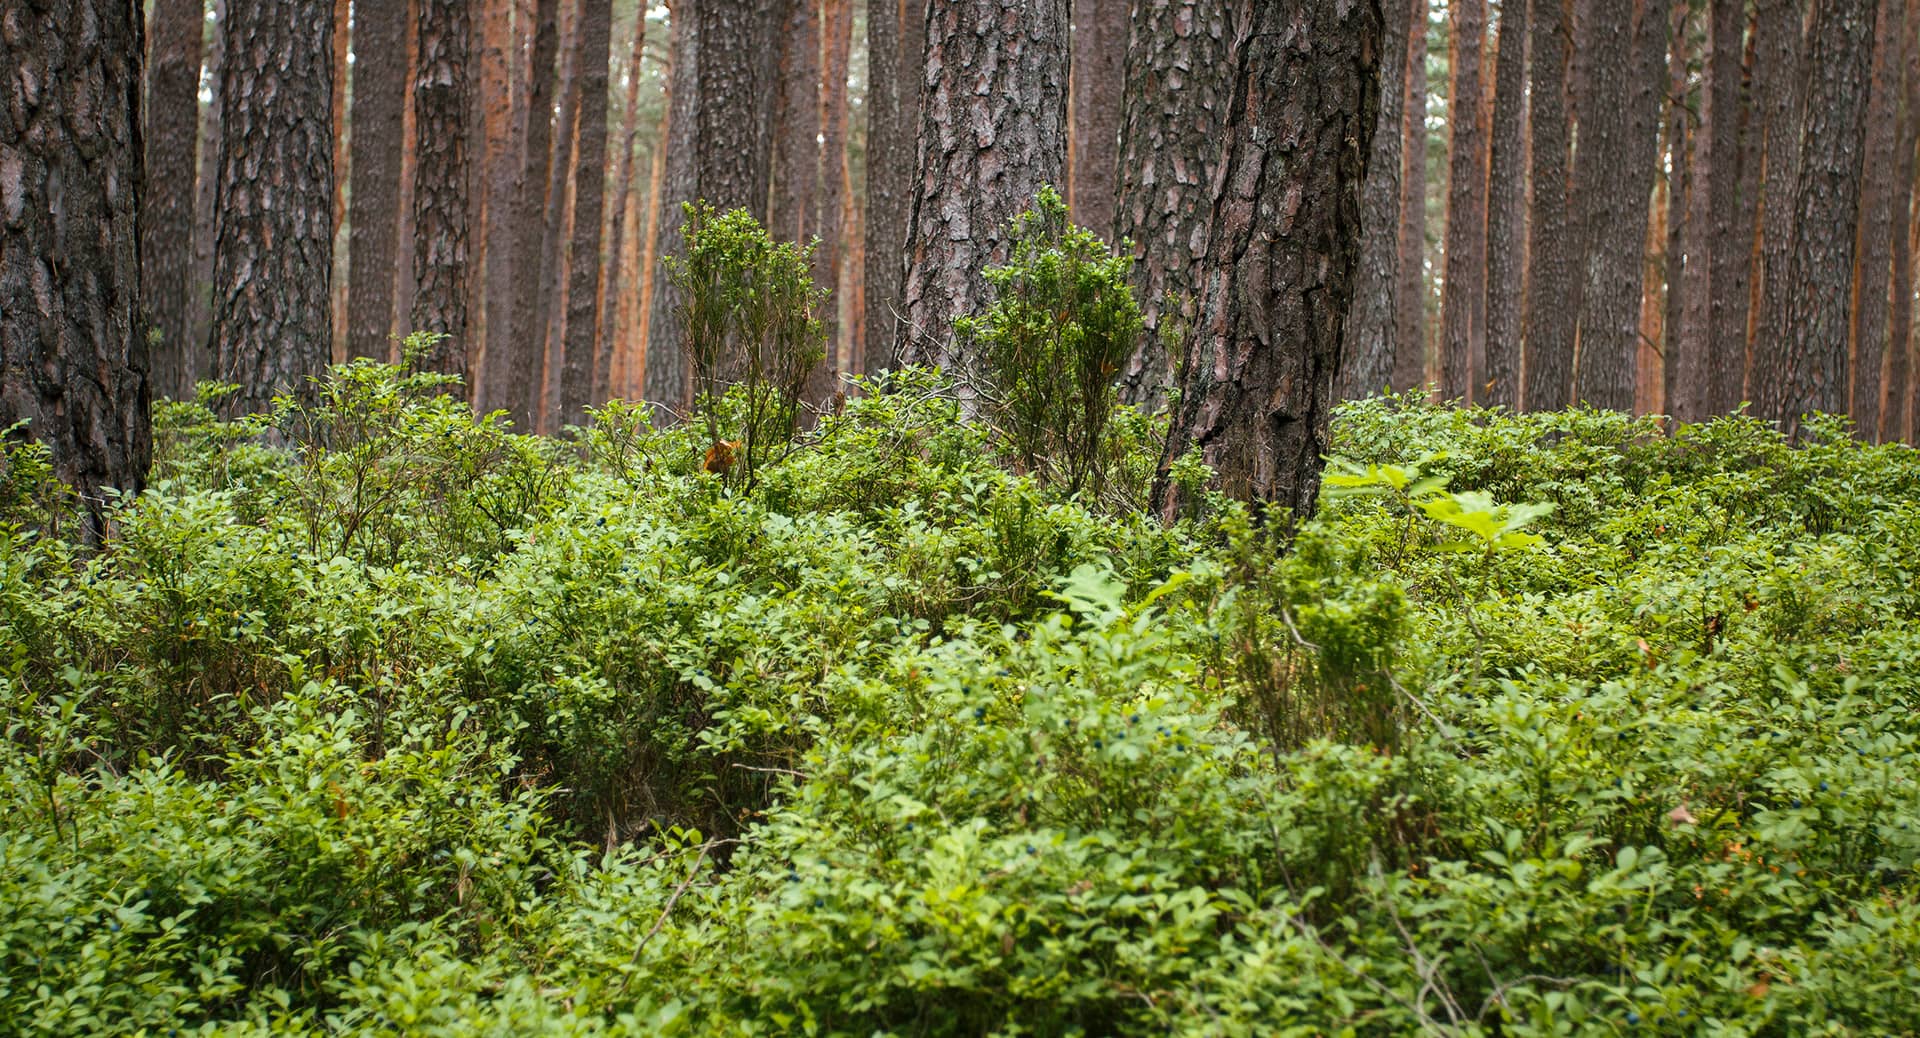 Waldboden im Kiefernwald bei Nürnberg mit einem Dickicht aus saftig grünen Heidelbeersträuchern im Juni
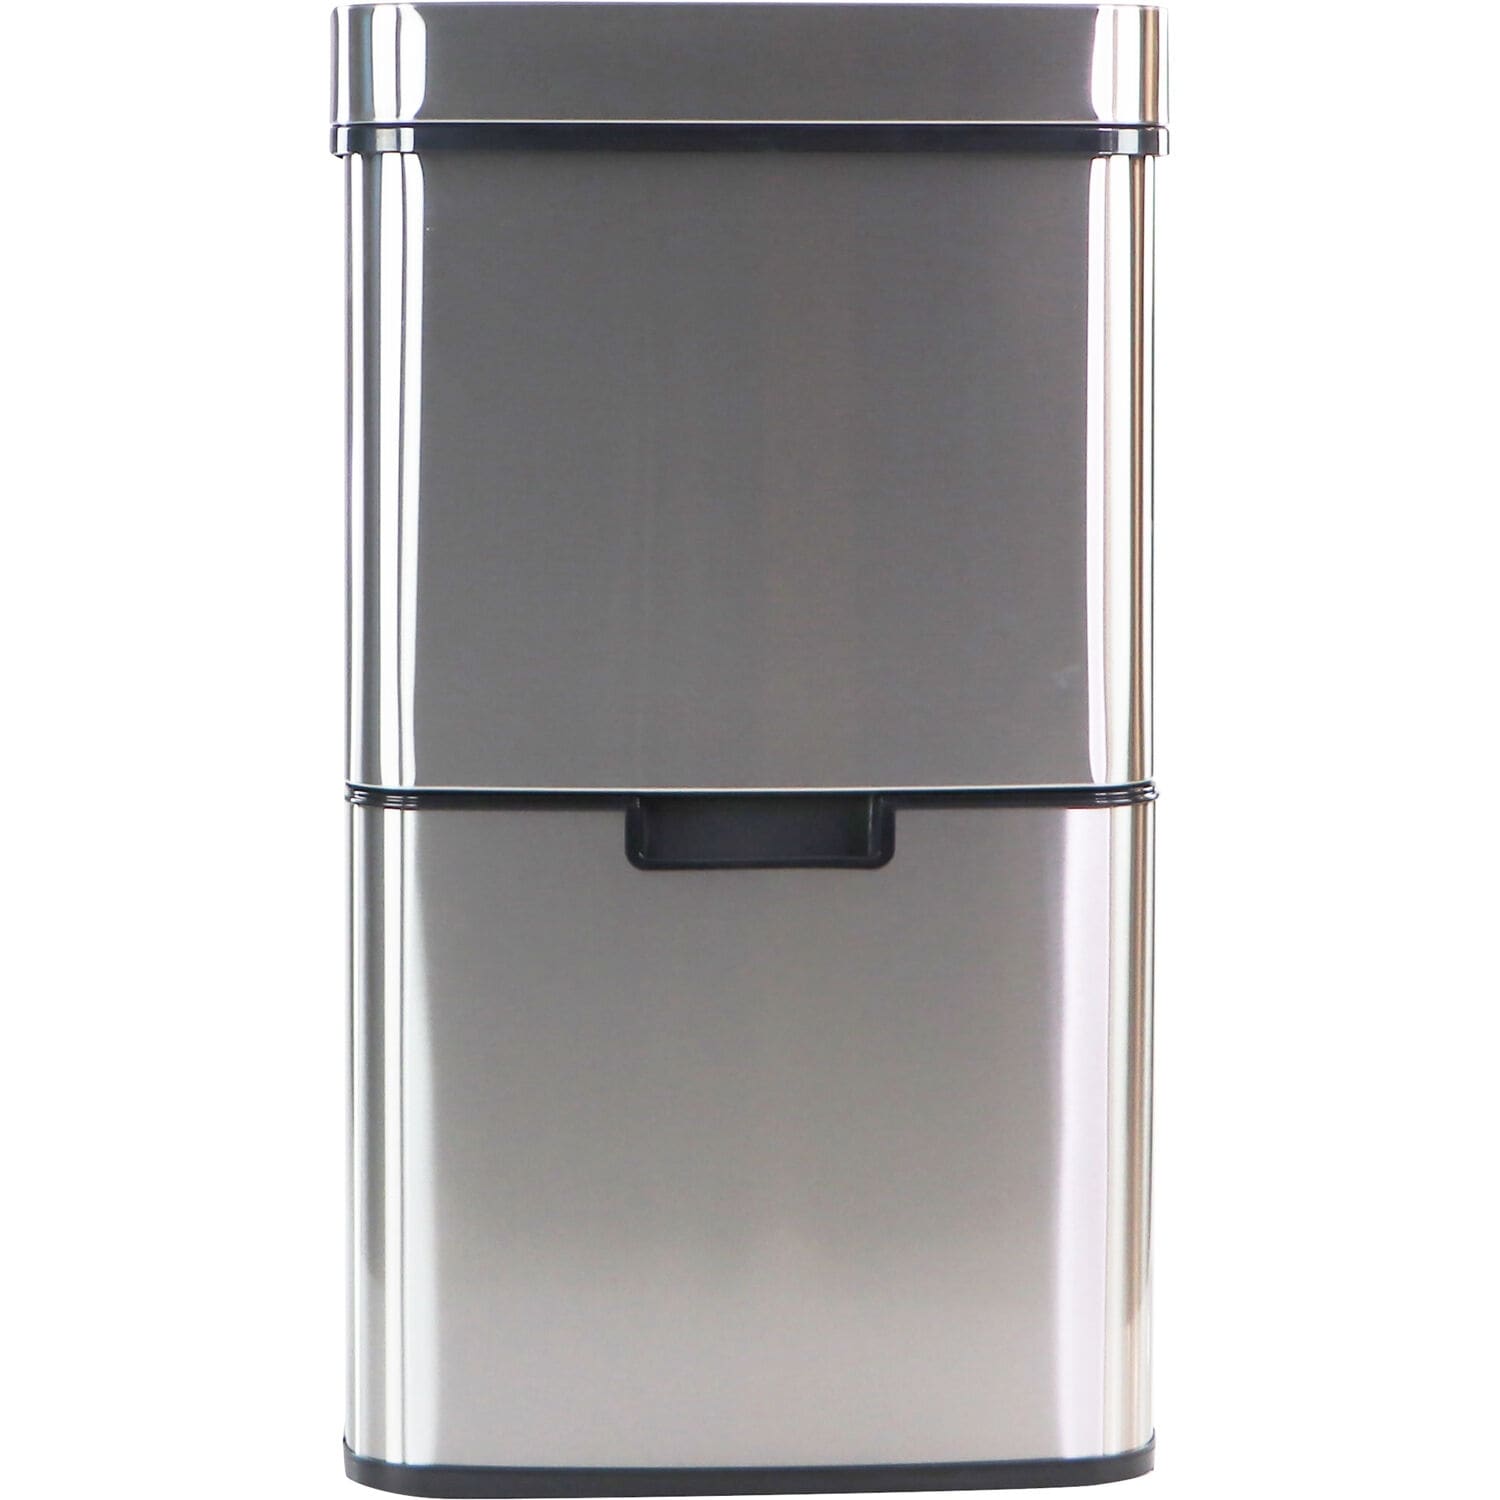 10 Liter - 2.6 Gallon Trash Can for Home and Kitchen, Fingerprint Smudge  Resistant, Soft Close, Sensor Lid
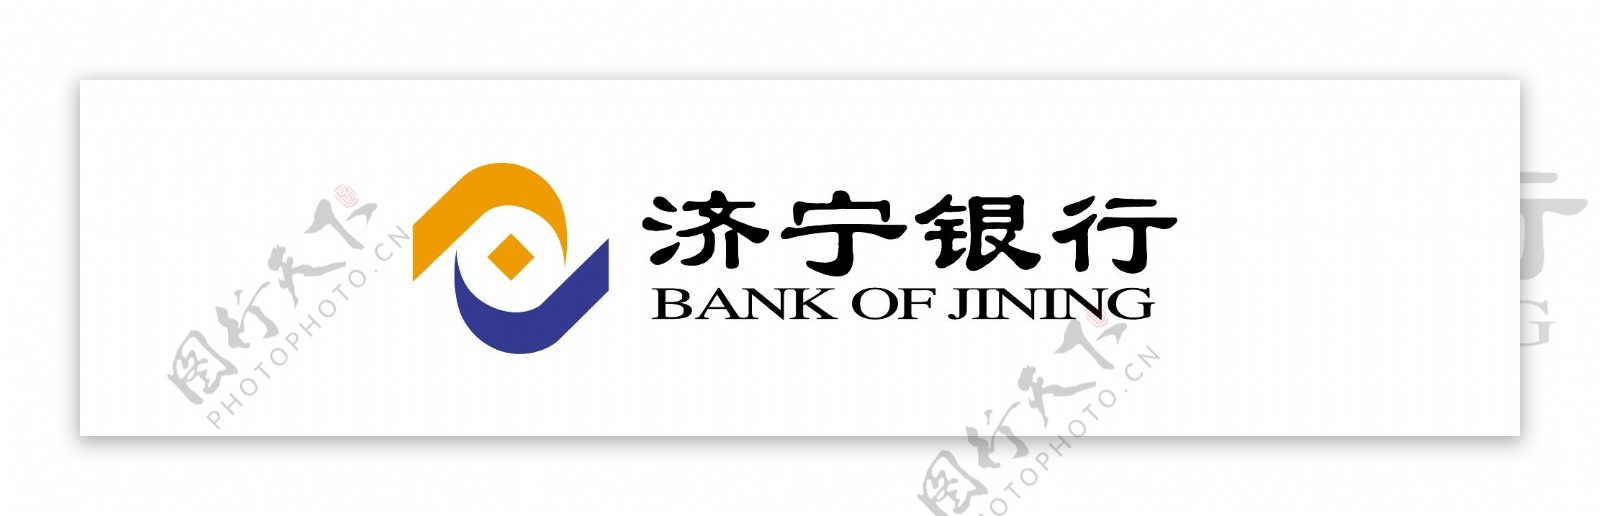 济宁银行logo图片
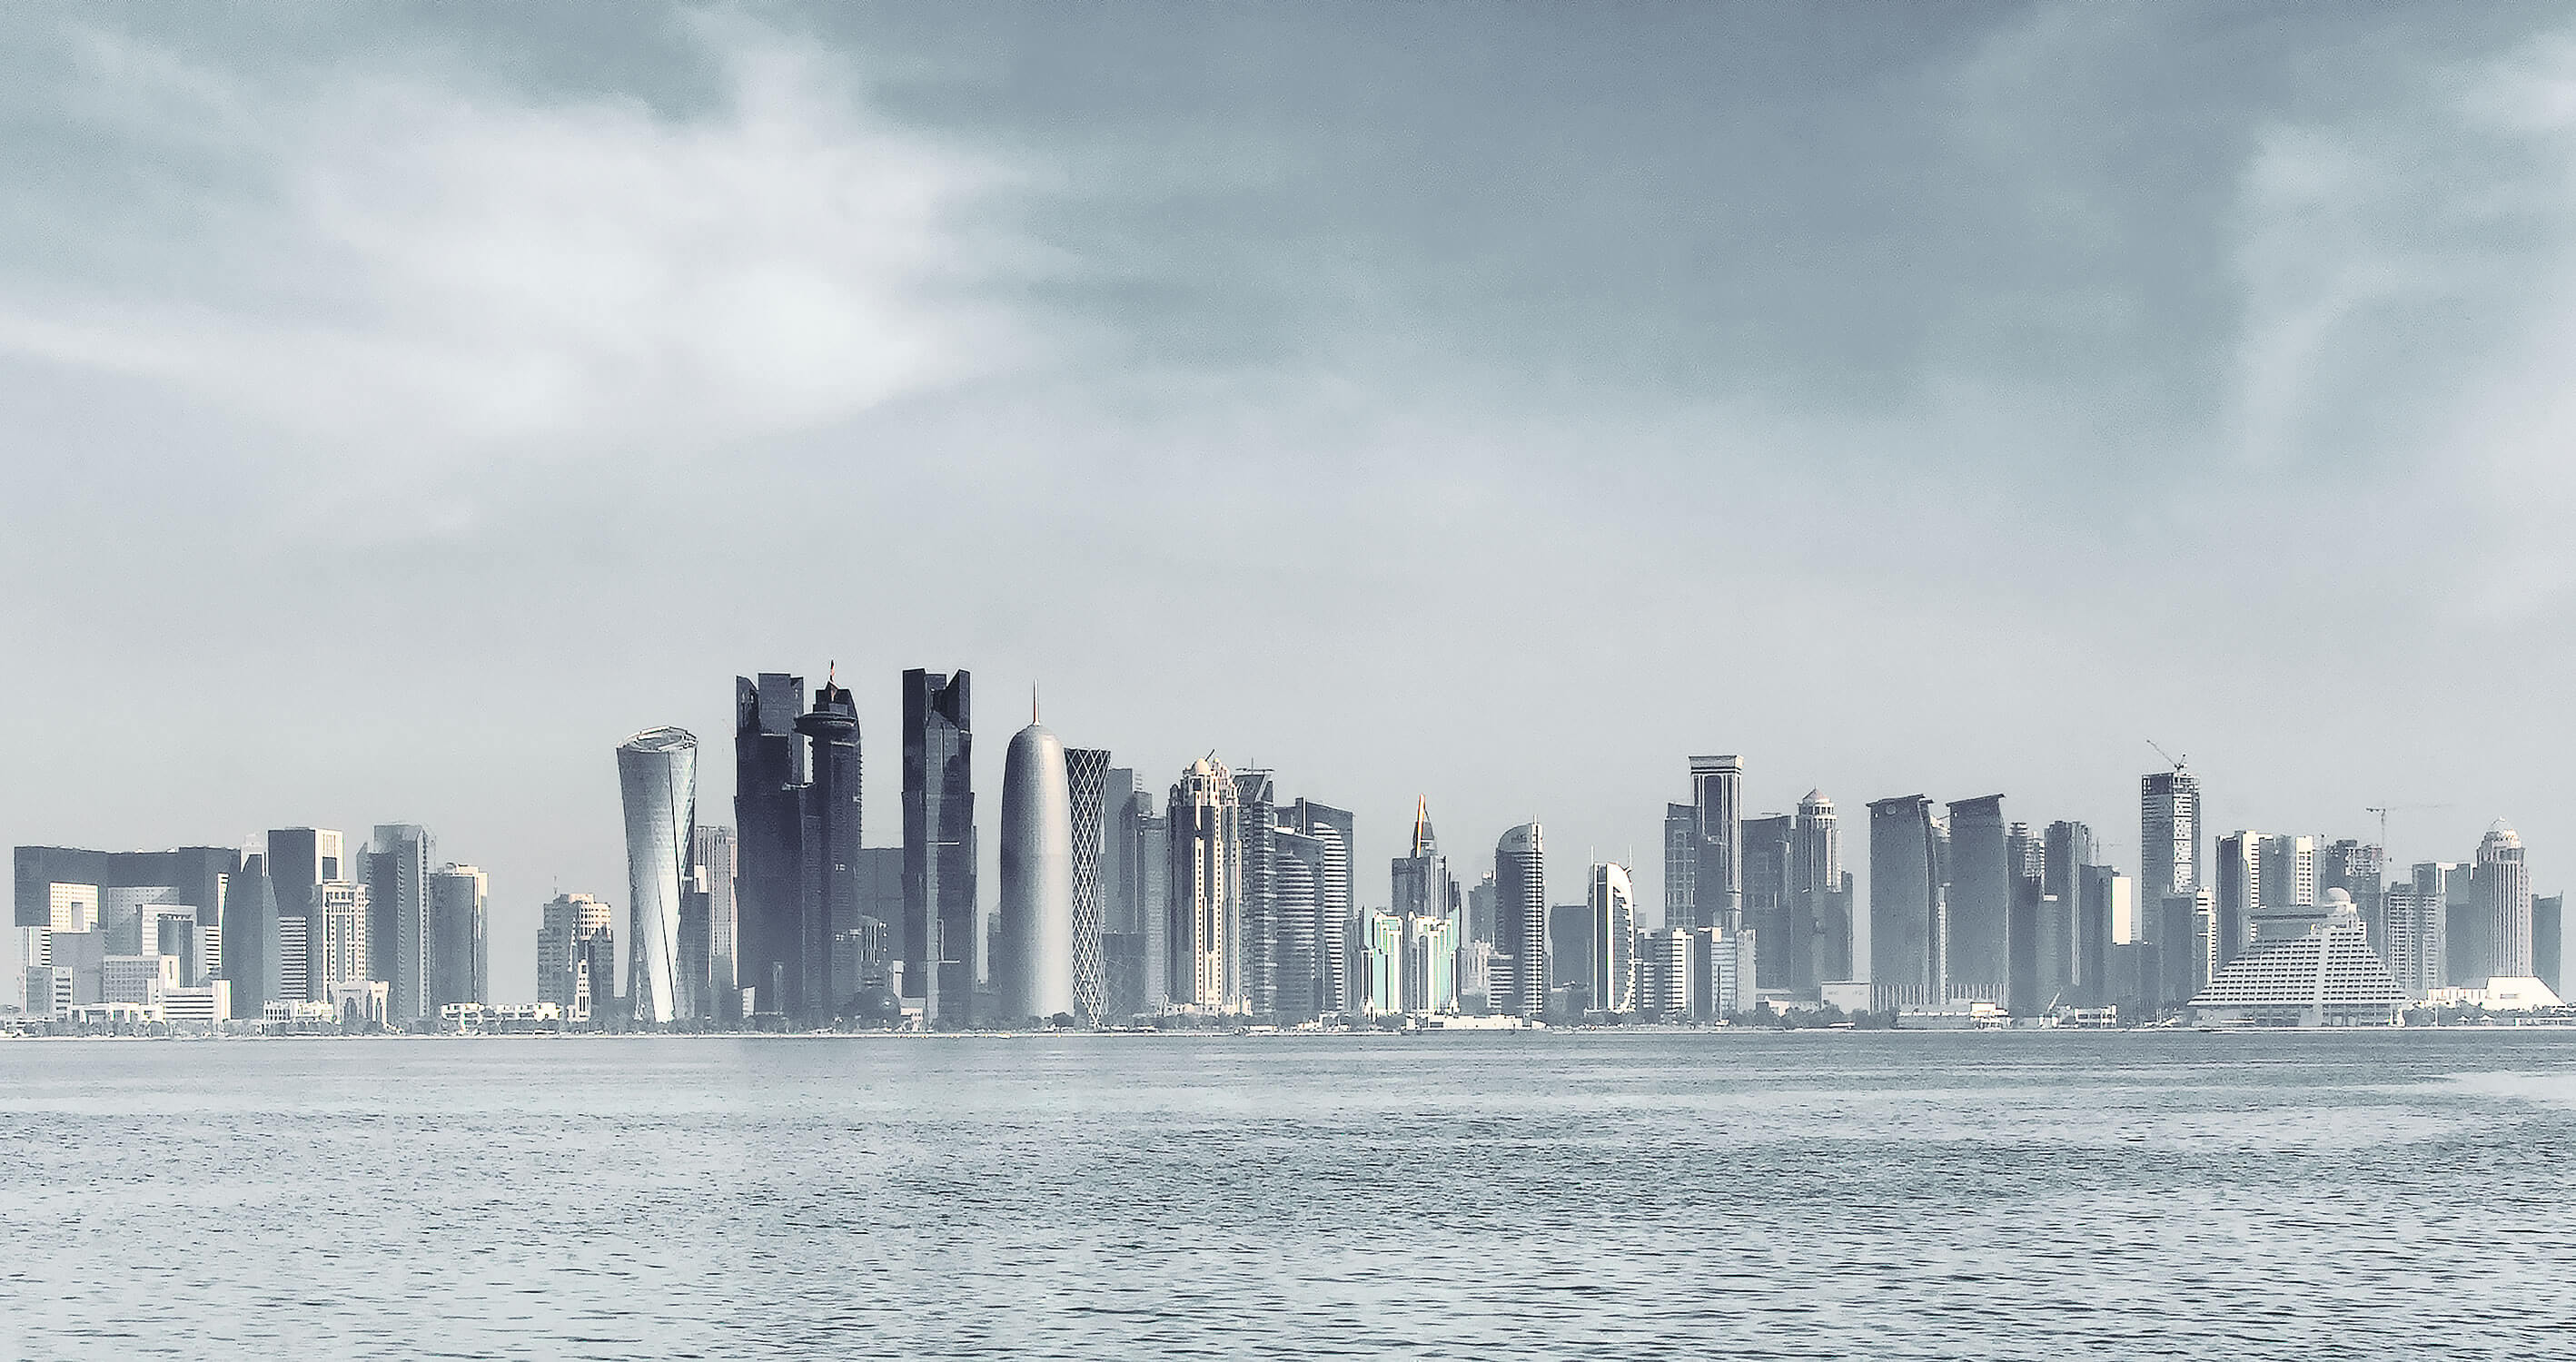 Futuristic Skyline of Doha

(Task requirements): Leave out the pictures, and write out all the remaining data above exactly.

(Output below):
 Waldboden im Kiefernwald bei Nürnberg mit einem Dickicht aus saftig grünen Heidelbeersträuchern im Juni
 10 Liter - 2.6 Gallon Trash Can for Home and Kitchen, Fingerprint Smudge  Resistant, Soft Close, Sensor Lid
 济宁银行logo图片
 Futuristic Skyline of Doha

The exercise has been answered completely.